With the sad news that perhaps the most famous child star of all time, Shirley Temple,

passed away Monday night, EW spoke with Duke to discuss Temple’s influence on her, her own on-set experiences, and why she thinks so many child stars struggle once they hit adulthood.

I don’t know a whole lot about Shirley Temple’s home life or background to get what we saw on film. Except, having been almost in her shoes I know that that little girl worked hours and hours and hours and I hope somebody treated her very kindly. Every mother wanted their daughter to be Shirley Temple. I had very straight hair and my mother used to drive me crazy curling my hair so that I could look like Shirley Temple. Didn’t work!

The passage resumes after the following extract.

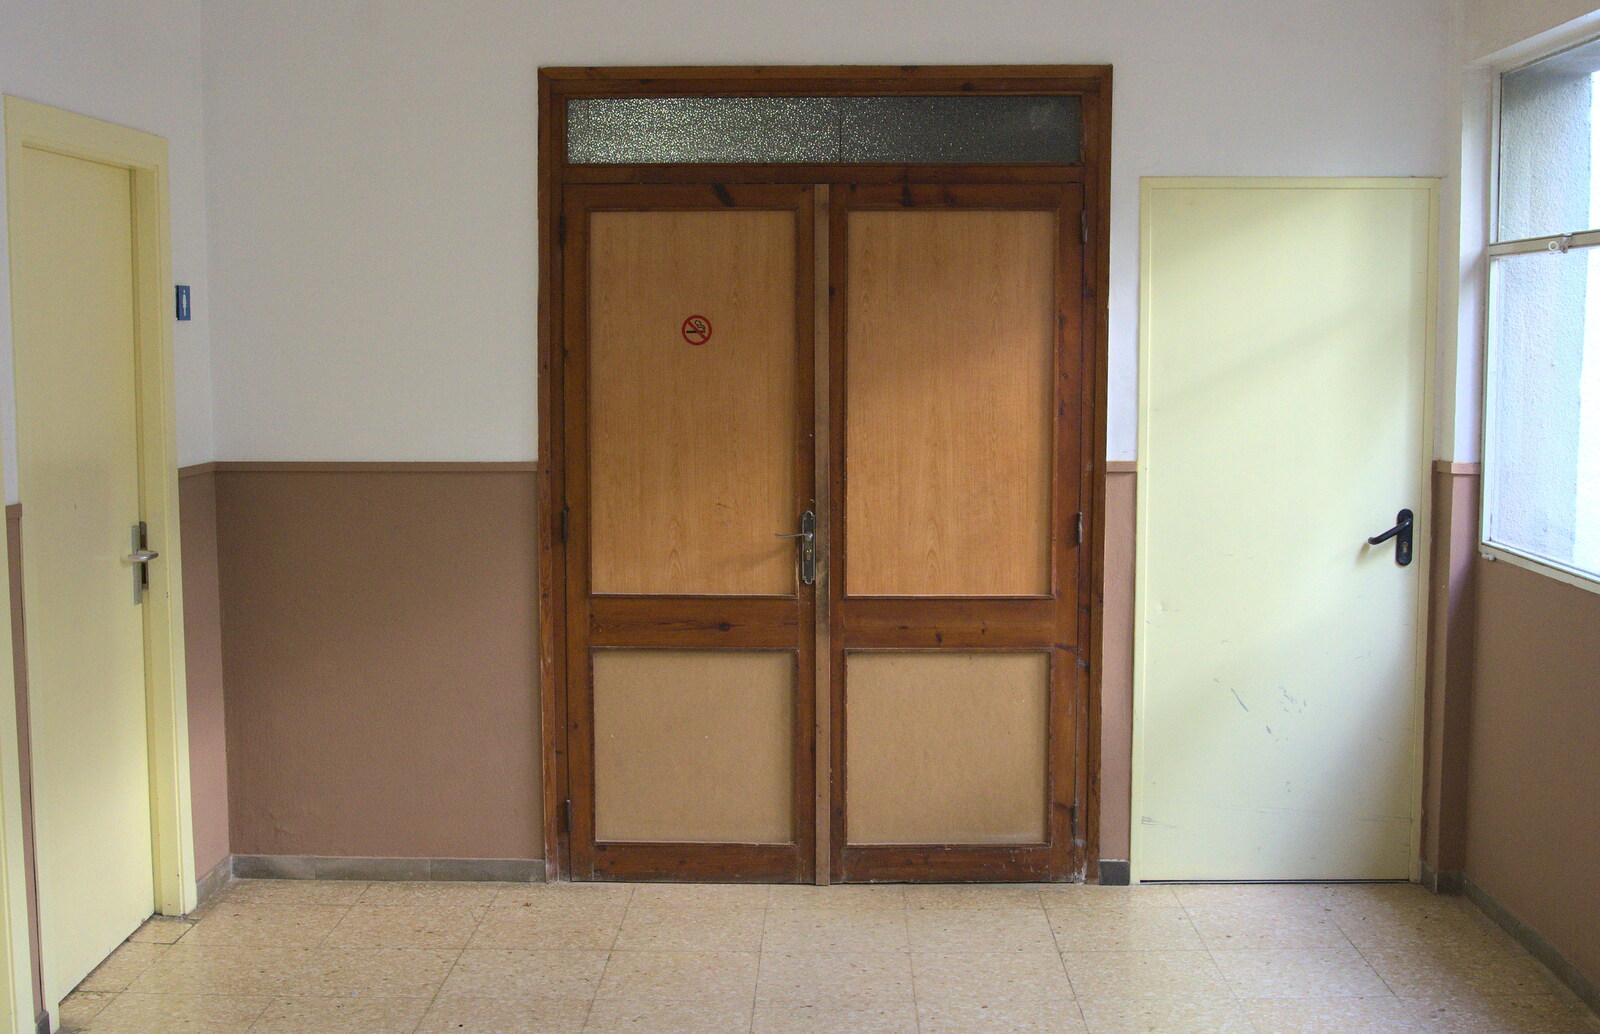 Mundane wooden doors from The Open Education Challenge, Barcelona, Catalonia - 13th July 2014

As a child, I idolized Shirley the movie star. My favorite Shirley Temple movies were the ones that had her incredible singing and dancing and dimples, but then she’d do a scene that was serious and I would be sobbing for days. The mold had been broken. There was only one Shirley Temple. But look, she’ll live on: When we go to a restaurant, my grandchildren order a Shirley Temple.